Нагу не боялся боли. Боли не боялся никто, — даже тихоня Сэмми, молчун Сэмми, заморыш Сэмми, лягушонок Сэмми... В тот памятный день отец взял его вместе с собой, в средний дом. Наверное, присмотреться хотел к молчуну и тихоне... Нагу вспомнил себя, лежащего у Большой воды, под слепящими, но еще почти не греющими лучами весеннего солнца. Поверхность камня, в которую вжимались его лопатки, впитывала, высасывала без остатка тепло его тела, — а на обнаженной груди лежал другой камень, величиной с кулак, —раскаленный, только что вынутый из костра. Нужно было ждать, пока он остынет. О крике или хотя бы слабом стоне не было и речи.
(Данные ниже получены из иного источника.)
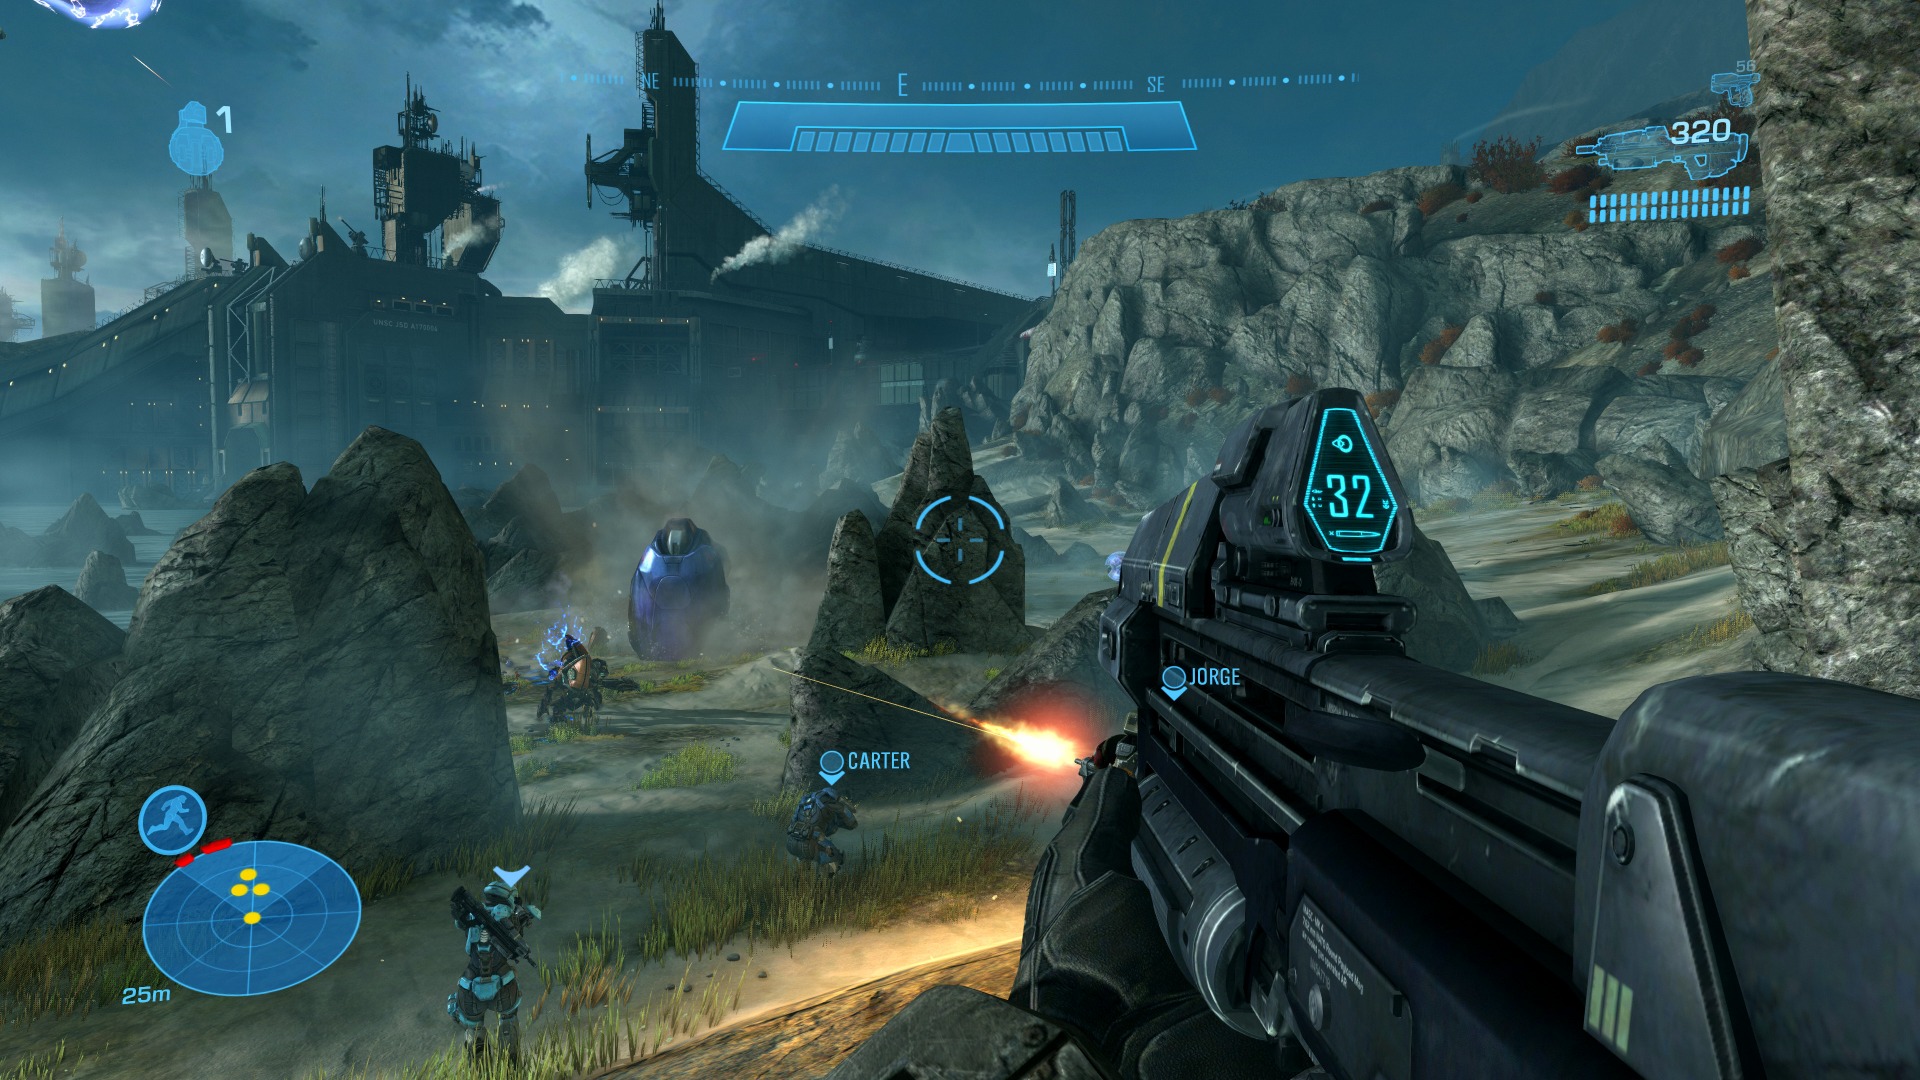 Pc Xbox One版 Halo Reach がついに発売 Steamでは同時接続数が15万人を超え Counter Strike Global Offensive と Dota 2 に次ぐ第3位に 19年12月4日 Biglobeニュース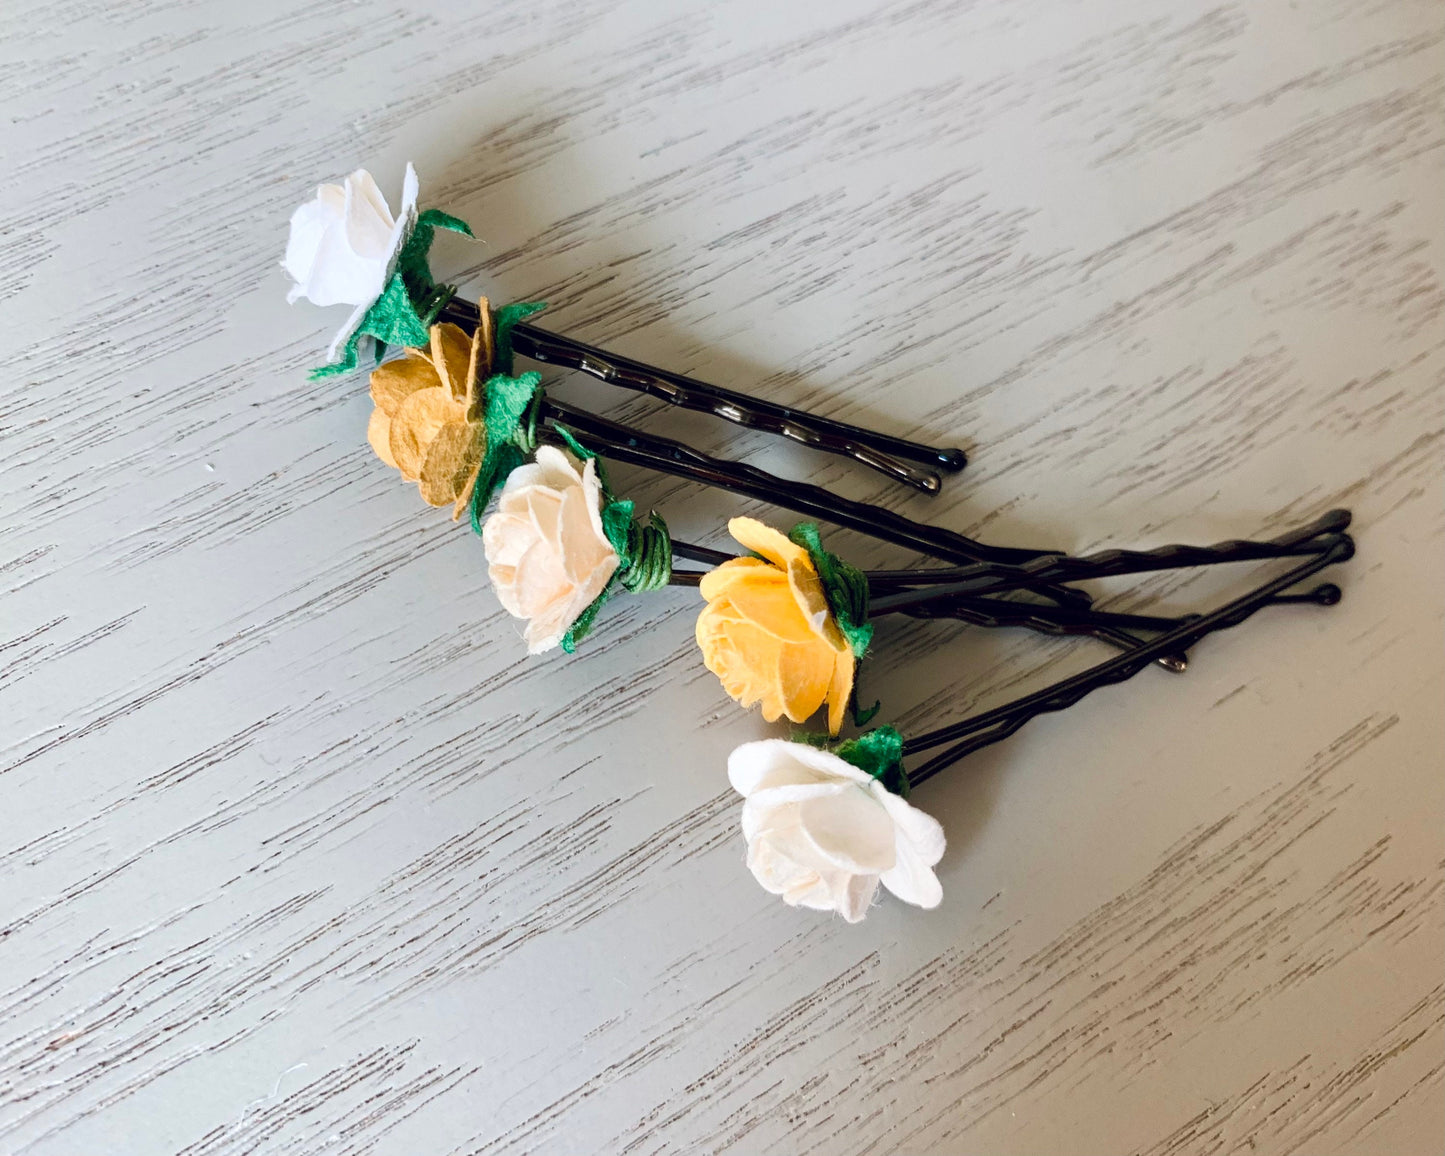 Golden Hour Rose Hair Pins, Set of 5 Paper Flower Bobby Pins in Rust Orange, Cream + Soft Gold, Rustic Bridal Hair Accessories Bohemian Wedding MPR6

Но мужнины: отец, Гор и еще более старый Колдун вглядывались внимательно в лицо, следили за мускулами шеи, руками, животом. Учитывалось все: еле заметная дрожь век, чрезмерно стиснутые зубы... Ни слова, ни звука в одобрение или в порицание, но результат записывался на теле: посвятительными рубцами. Чем лучше ты прошел испытание, тем больше рубцов наносил Колдун на твою грудь — твоя вечная защита и гордость... Сын вождя не подвел своего отца: тройной спиралью опоясала его соски причудливая татуировка... А узор Сэмми оказался лишь на немного короче, вот тебе и лягушонок!.. Это уже ушло: заморыш Сэмми скоро умрет, точно также, как умрет и ловкач Нагу.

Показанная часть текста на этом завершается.